Le bâtiment de l’azienda Bellaviti est un grand bipente (14 m au faîtage, 33 % de pente), non bardé. - © GIE élevage de Bretagne

« En Bretagne, les vaches passent de plus en plus de temps en bâtiment, et avec le changement climatique, il faut s’attendre à une belle saison de plus en plus chaude (même si ce printemps contredit les évolutions attendues). Nous avons donc choisi de proposer aux concepteurs et constructeurs Charte  qualité bâtiments bovins de Bretagne de visiter l’Italie du Nord et ses grands troupeaux tout le temps en bâtiment », expose Jacques Charlery, animateur régional bâtiment au GIE élevage de Bretagne. La trentaine de participants au voyage a visité la ferme expérimentale de l’université de Milan et cinq élevages(1).
L’université de Milan travaille entre autres sur l’amélioration de l’efficacité des bâtiments en termes de résultat sur le bien-être et la qualité du lait. « Ils décrivent comment influent sur les vaches la température, la vitesse de l’air, l’humidité relative de l’air, la lumière et les gaz toxiques (ammoniac). Par exemple, s’il fait trop chaud (plus de 25-27 °C), les vaches restent debout, donc la rumination diminue, et la production baisse. La fertilité baisse aussi. Plus la production laitière augmente, plus la sensibilité à la chaleur augmente. L’humidité élevée en période chaude diminue l’efficacité de la thermorégulation », cite à titre d’exemple Jacques Charlery.
Dans un des élevages visités, le groupe voit trois époques de bâtiments : le plus ancien est fermé et bas de toiture, puis l’éleveur a testé des niches à vaches, pour enfin élever une structure haute et très ouverte.
Pour que les vaches ne souffrent pas de la chaleur en été, tout est conçu pour faire circuler l’air. Les structures sont ouvertes. La pente des toits est forte (30 %) pour augmenter les volumes d’air. « Nous avons vu des toitures monopentes décalées. » Pourtant, les hivers sont froids et neigeux. « Même si chez nous il fait plus humide et venteux, cela suggère que nous fermons peut-être trop nos bâtiments », s’interroge Jacques Charlery.

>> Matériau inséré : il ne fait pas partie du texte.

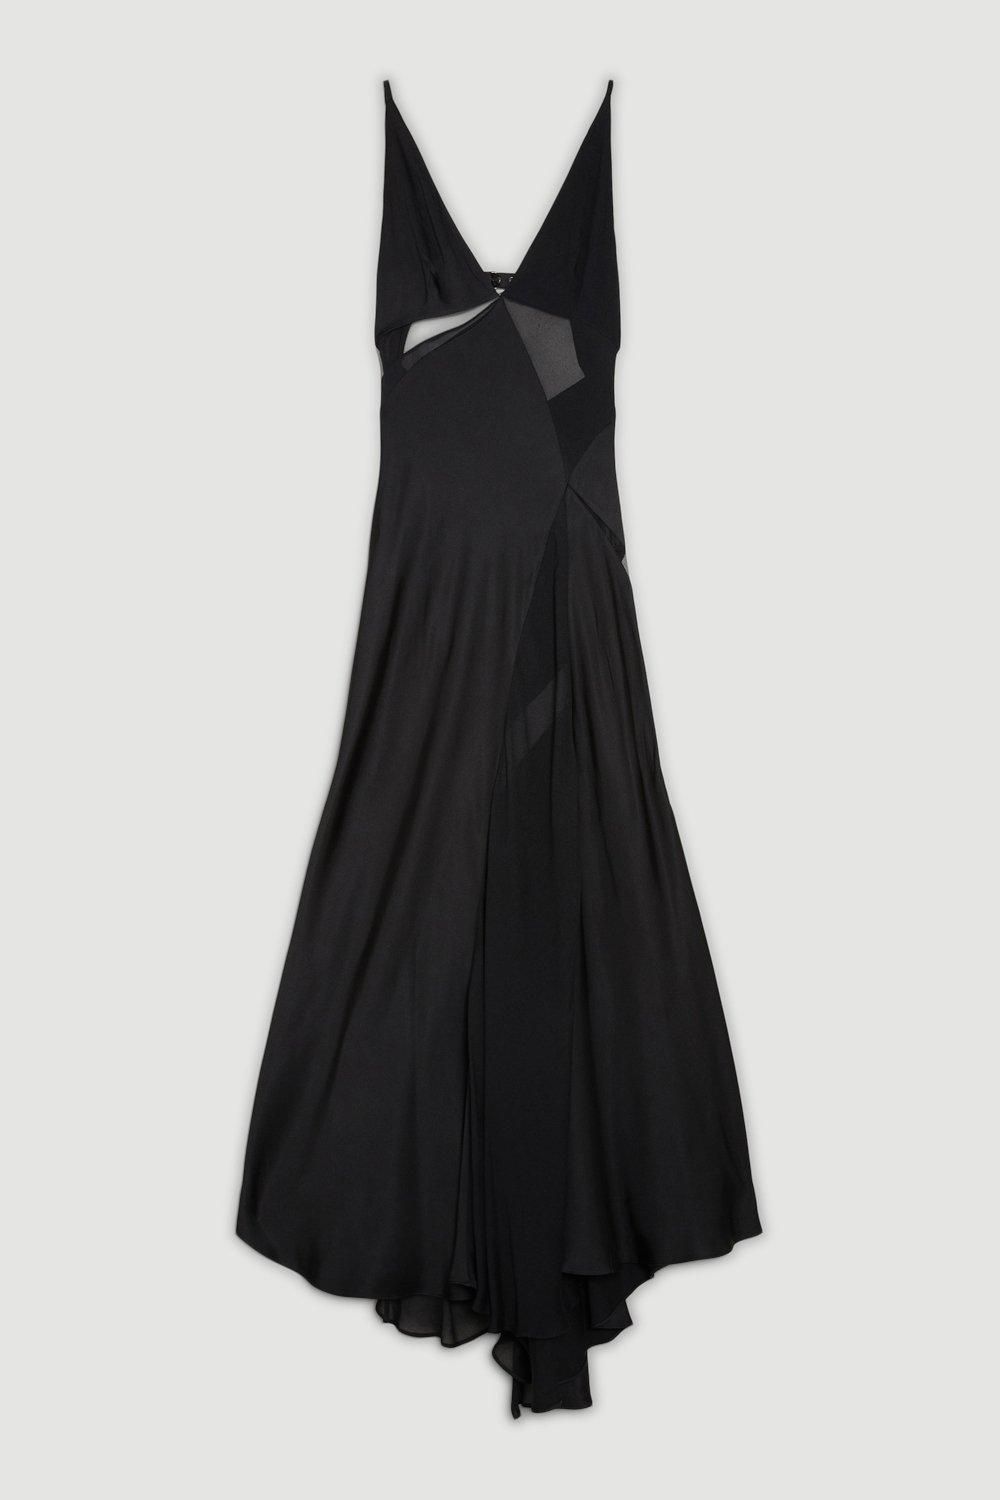 OOTO LONDON Sheer Panelled Woven Maxi Dress | Karen Millen UK + IE + DE + NL

Les monopentes décalés sur la ferme expérimentale de l’université de Milan.
Les monopentes décalés sur la ferme expérimentale de l’université de Milan. - © GIE élevage de Bretagne

Le rainurage en épides bétons facilite les écoulements


Pour améliorer la circulation de l’air, les Italiens jouent aussi sur l’éloignement des bâtiments entre eux. « Ils utilisent tous des ventilateurs ou des déstratificateurs (ventilateurs à grandes pales), et de la brumisation, même si certains ont arrêté de brumiser si ça glisse. La brumisation du couloir d’exercice peut aussi amener les vaches à se coucher devant l’auge. Certains humidifient donc les vaches en sortie de salle de traite. Un des éleveurs visités les asperse sur l’aire d’attente. »
L’isolation des toitures pour diminuer les amplitudes thermiques est aussi essentielle. « La tôle isolée coûte plus cher que du fibrociment, mais peu d’éleveurs ont des translucides, car ça chauffe dessous. »
Le groupe a été marqué par le rainurage en épi (réalisé sur béton frais), qui facilite les écoulements et permet aux bétons de sécher plus vite. Moins de glissades, moins d’émanation d’ammoniac : une astuce vraiment intéressante qui commence à faire parler d’elle en France.
Ce qui frappe aussi le groupe, ce sont ces « aziende » qui emploient beaucoup de salariés étrangers (Égyptiens, Vietnamiens), pour la traite et le soin aux animaux. « Ils sont compétents et bien rémunérés (environ 2000 €/mois). La différence avec la France doit se situer au niveau de la réglementation du travail. En Italie, le temps de travail est annualisé, donc ils travaillent 7j/7 pendant une période, puis repartent chez eux », souligne Jacques Charlery. Du coup, il y a peu de besoin en automatisation, de la traite ou de l’alimentation. L’entretien des logettes et la distribution de la ration sont mécanisés.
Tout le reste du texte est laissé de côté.